BEGIN

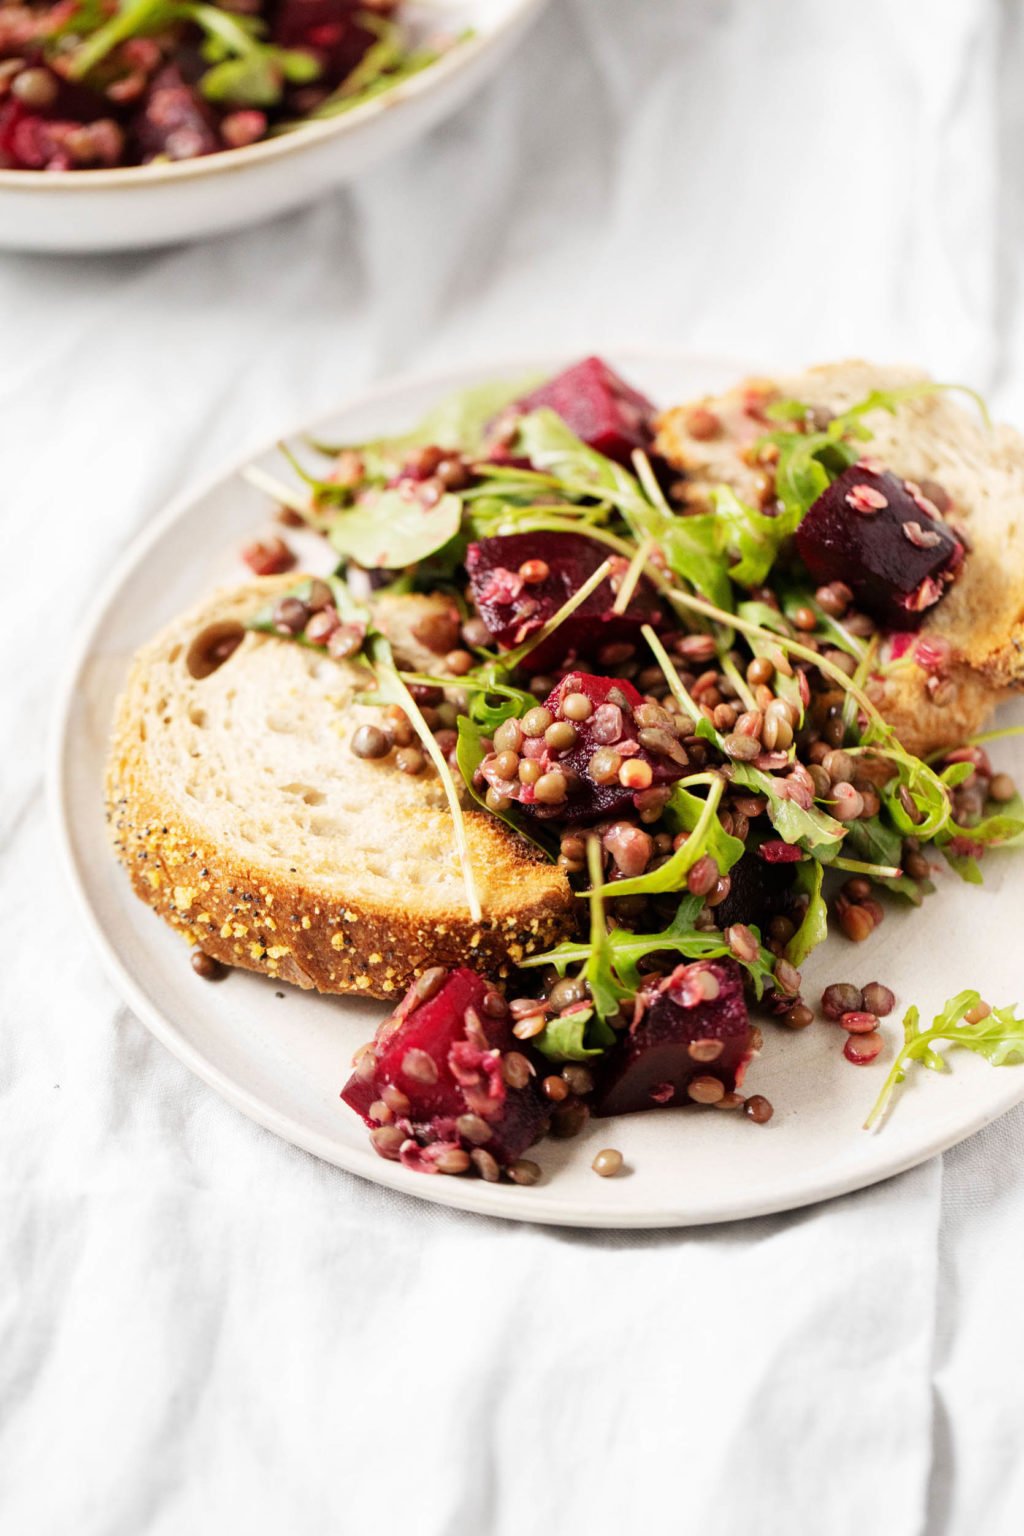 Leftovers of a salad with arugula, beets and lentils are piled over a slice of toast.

END
BEGIN

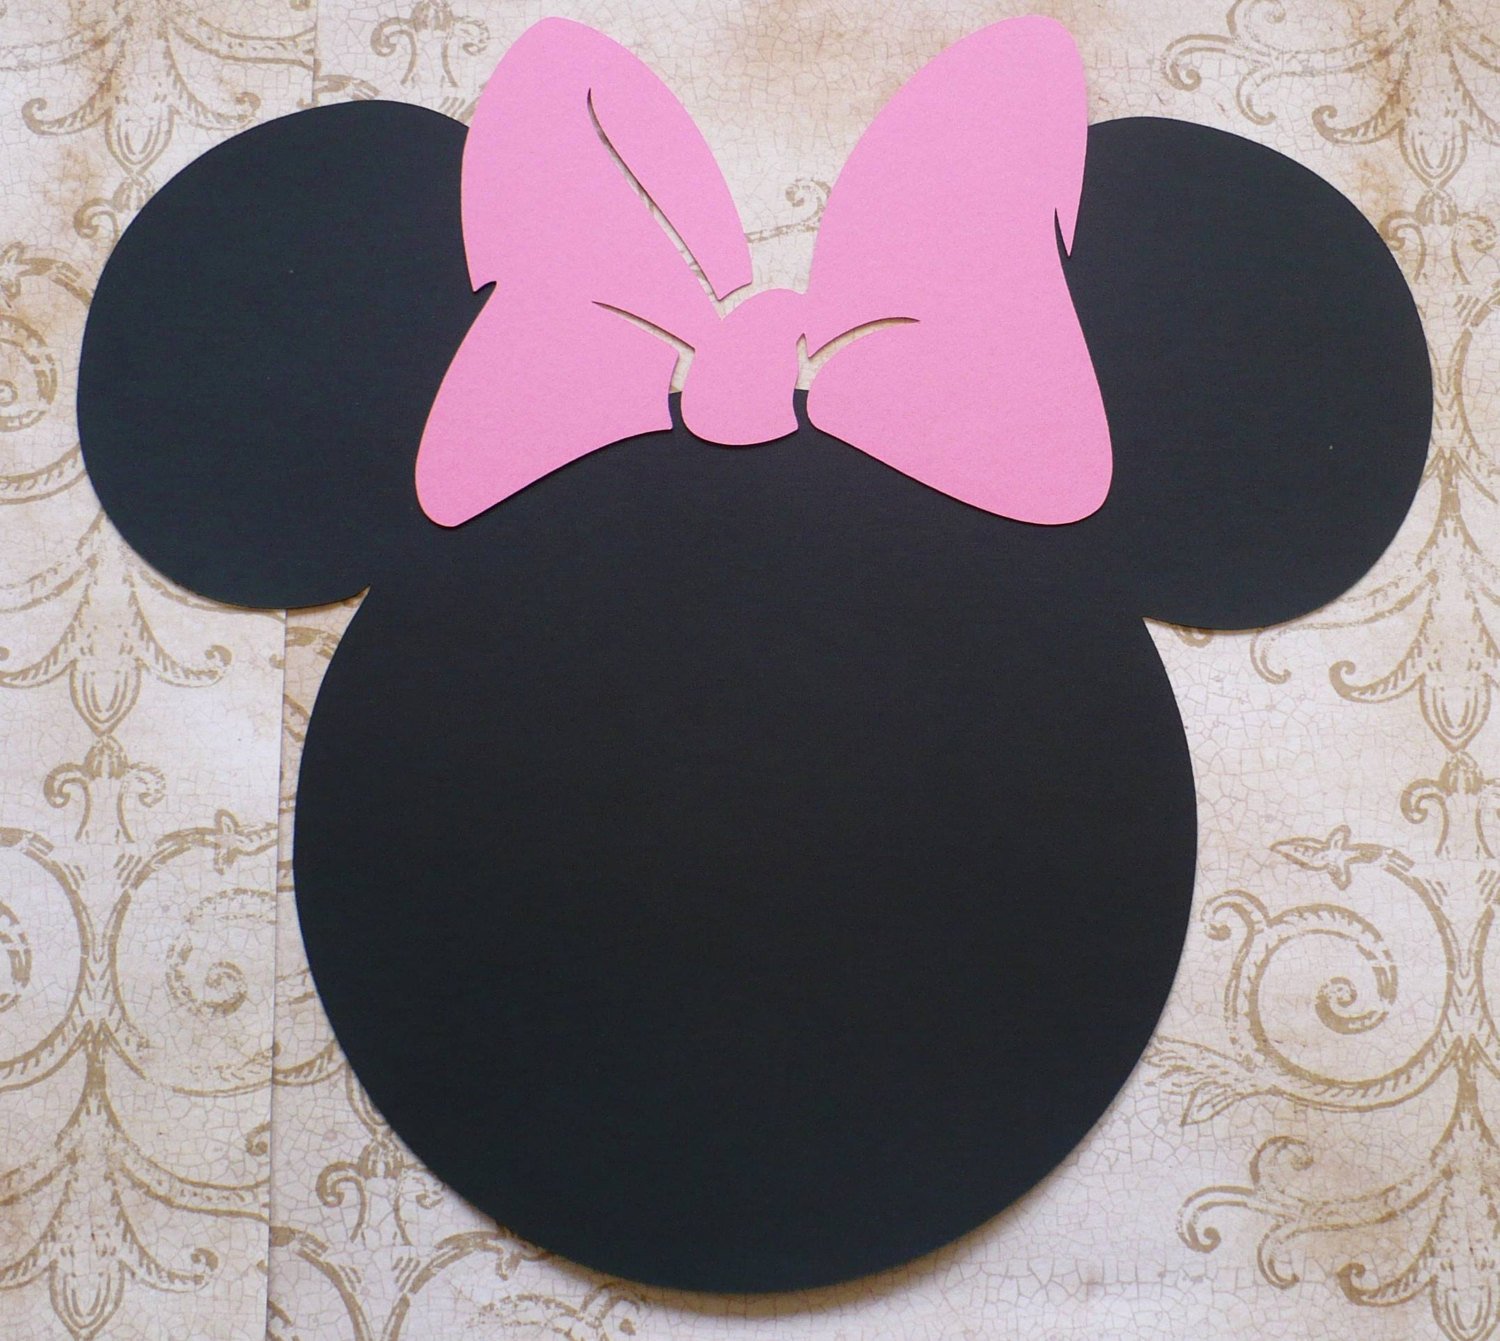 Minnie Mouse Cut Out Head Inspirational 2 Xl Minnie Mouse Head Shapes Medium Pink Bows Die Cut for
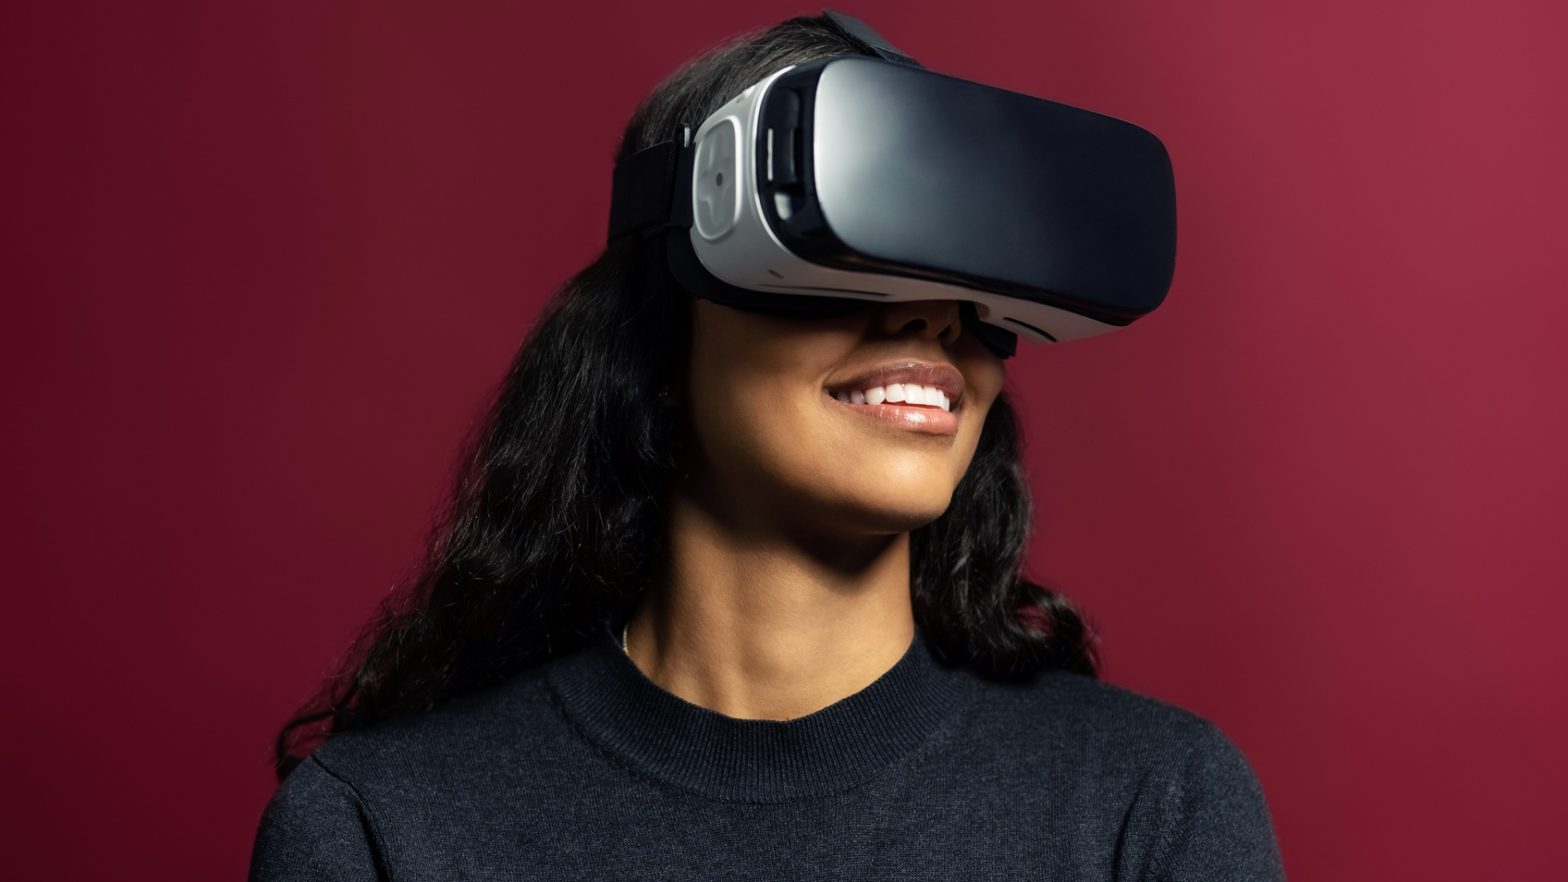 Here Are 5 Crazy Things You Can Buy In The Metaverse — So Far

END

ASSIGNED TASK:
In the listing above, find the line containing "Minnie Mouse Cut" and the line containing "Here Are 5 Crazy"; print those lines and every line between them exactly, leaving out pictures.

SOLUTION FOR THIS PROBLEM:
 Minnie Mouse Cut Out Head Inspirational 2 Xl Minnie Mouse Head Shapes Medium Pink Bows Die Cut for
 Here Are 5 Crazy Things You Can Buy In The Metaverse — So Far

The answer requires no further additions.